WORK TASK:
Using the entries below, restate word for word only the lines from the one with "Lucio_tab_rgt.stl Download free" to the final line, leaving the pictures out.

· · · ·

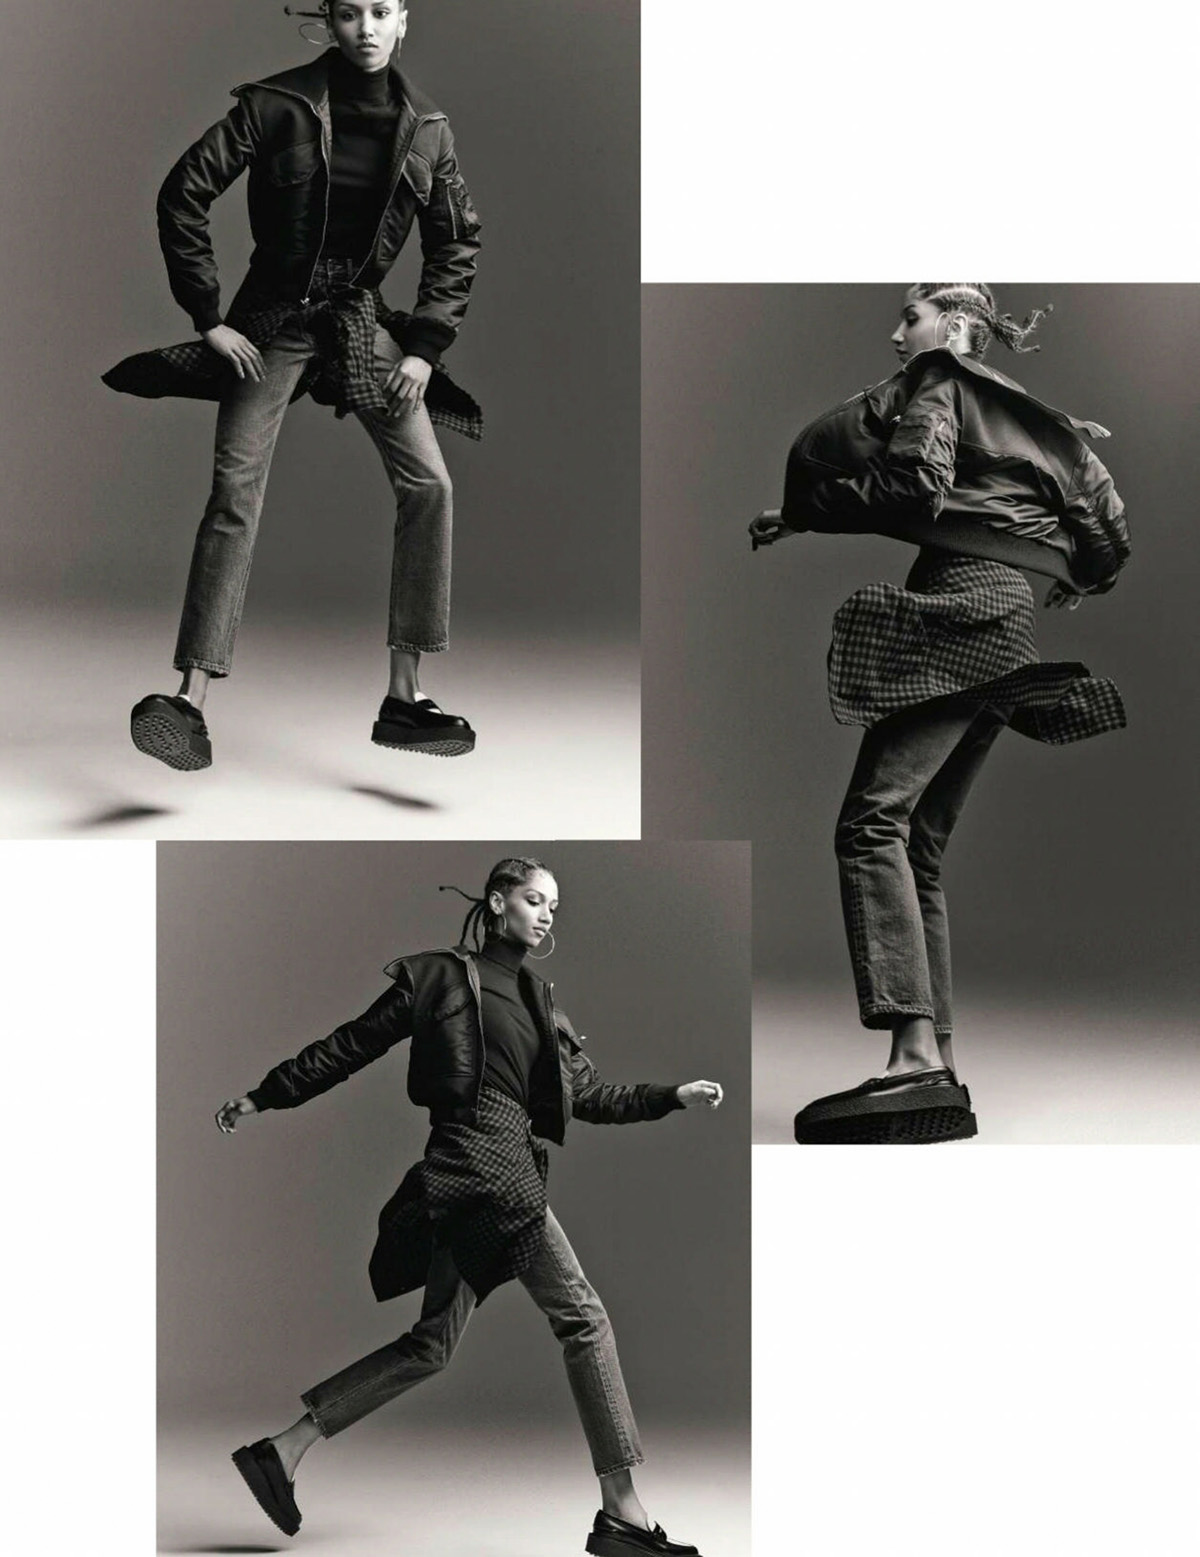 Aiden Curtiss by Tom Schirmacher for Elle France September 24th, 2021
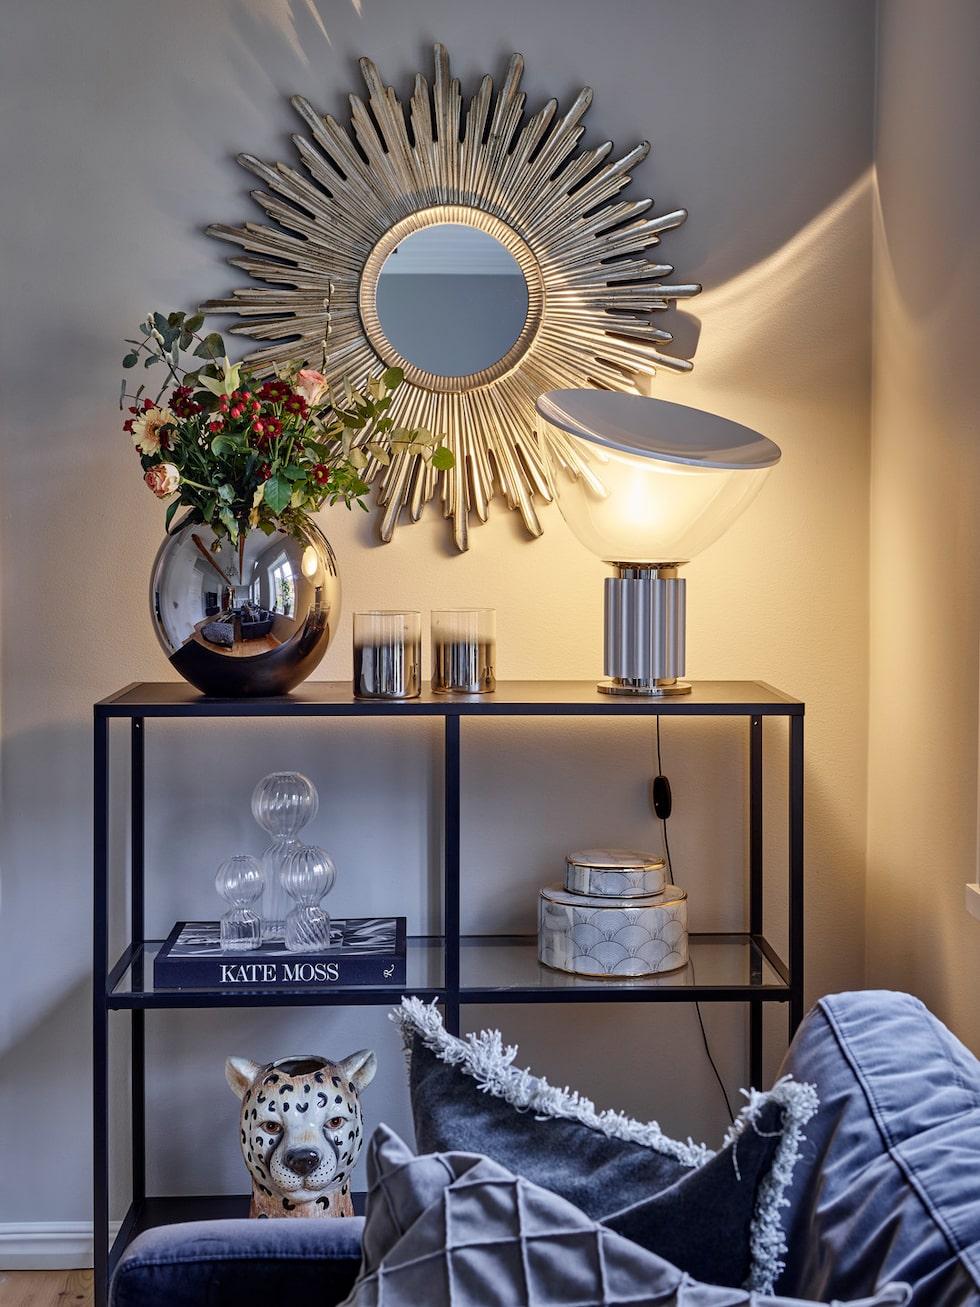 Sideboard, Ikea. Soffa, Sofacompany. Lampa, Flos. Tigervas, By On.
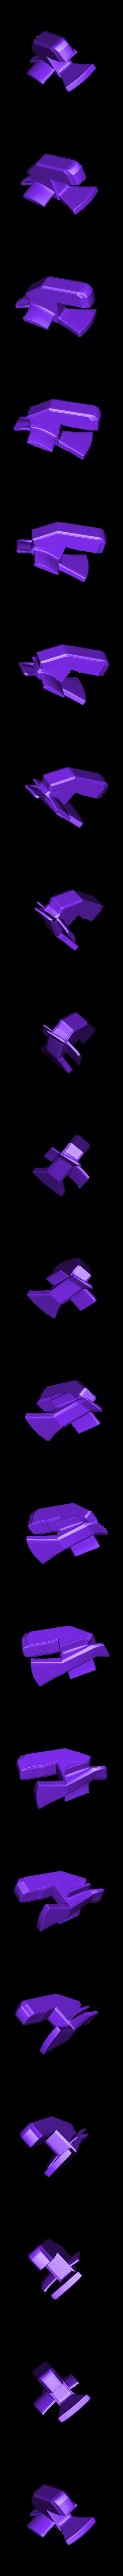 Lucio_tab_rgt.stl Download free STL file Overwatch Lucio Blaster • 3D printer object, Adafruit
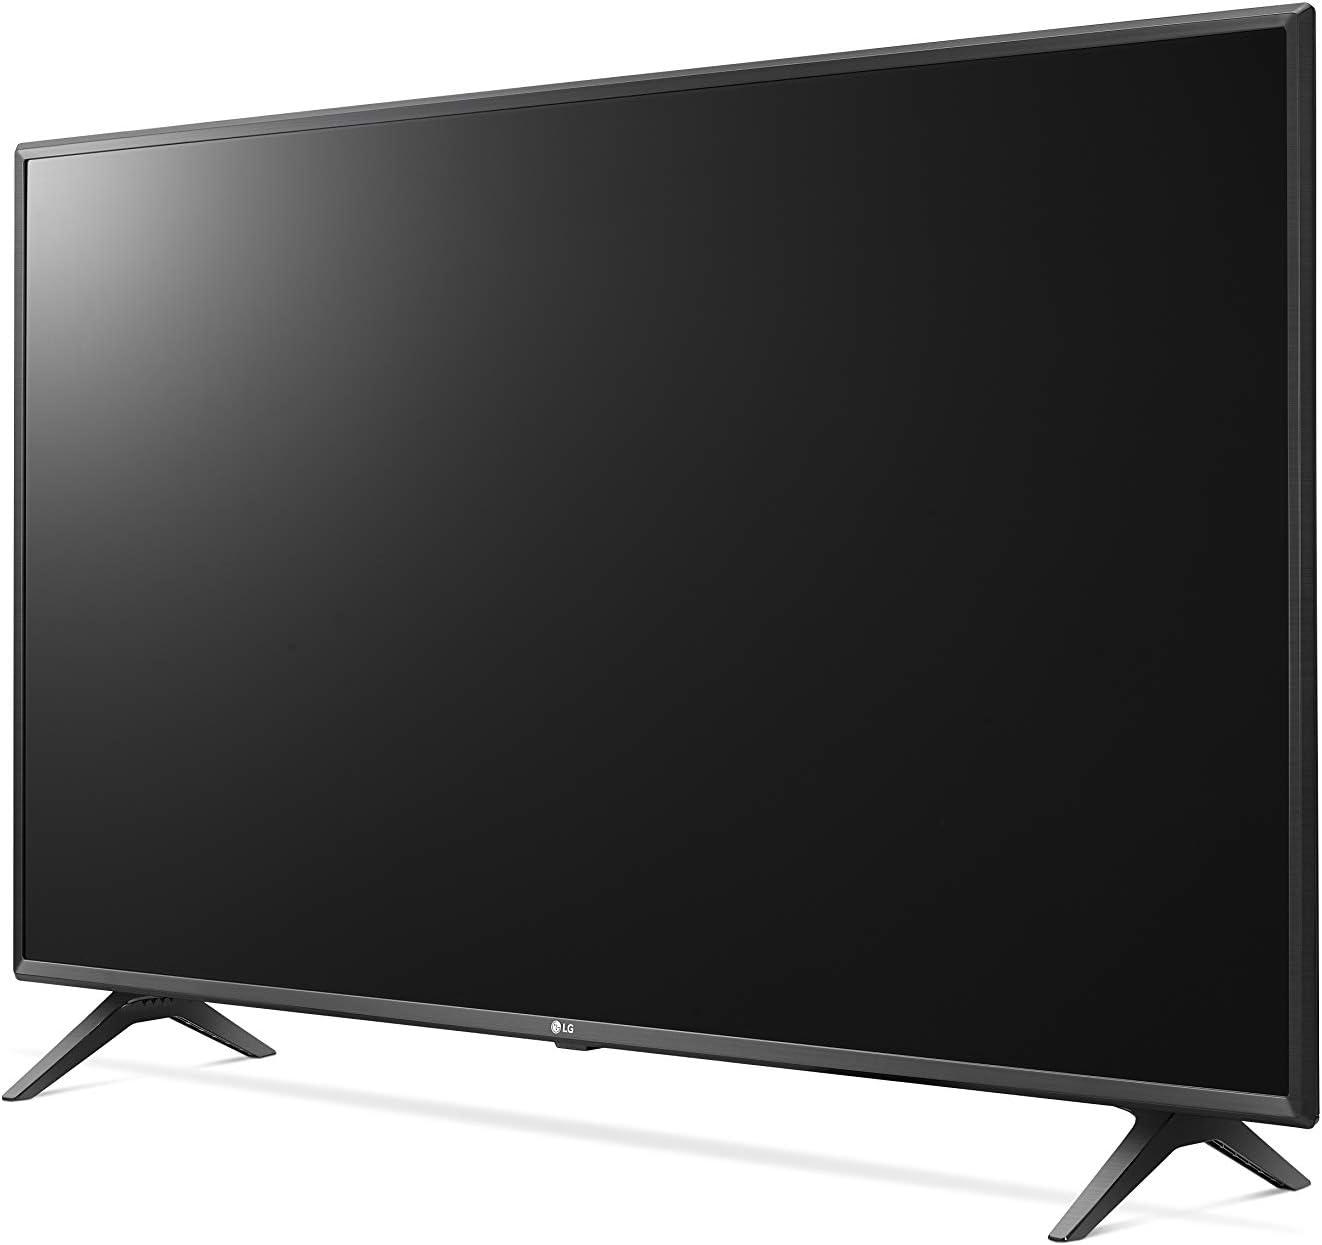 TELEVISOR 50 50UM7500 UHD STV IPS IA MAGICR DTS.VIRTX LG Works ...
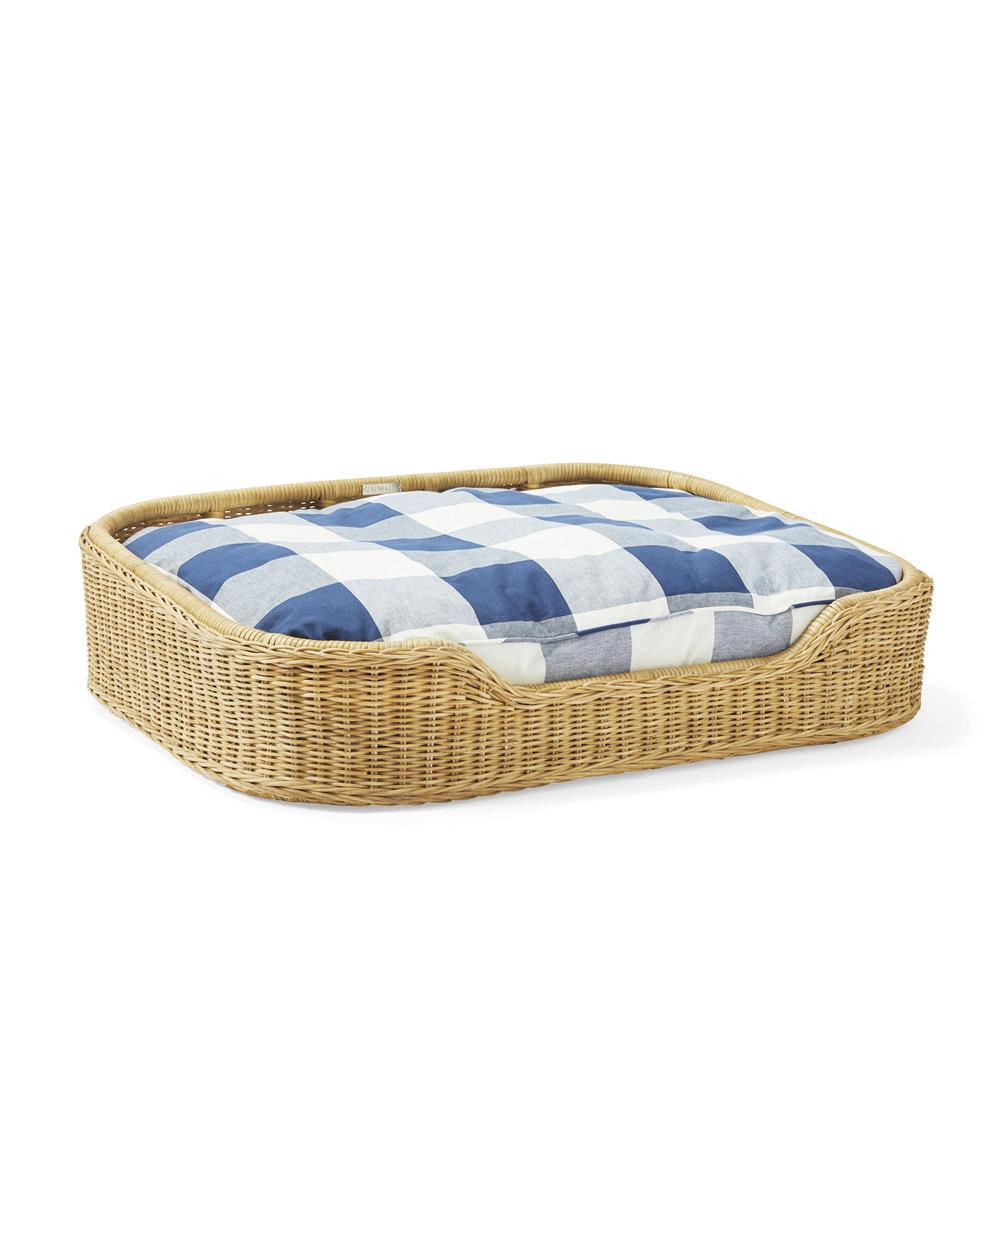 Furn_Natural_Dog_Bed_Large_Gingham_Cushion_Angle_MV_Crop_SH.jpg

· · · ·

THE ANSWER:
 Lucio_tab_rgt.stl Download free STL file Overwatch Lucio Blaster • 3D printer object, Adafruit
 TELEVISOR 50 50UM7500 UHD STV IPS IA MAGICR DTS.VIRTX LG Works ...
 Furn_Natural_Dog_Bed_Large_Gingham_Cushion_Angle_MV_Crop_SH.jpg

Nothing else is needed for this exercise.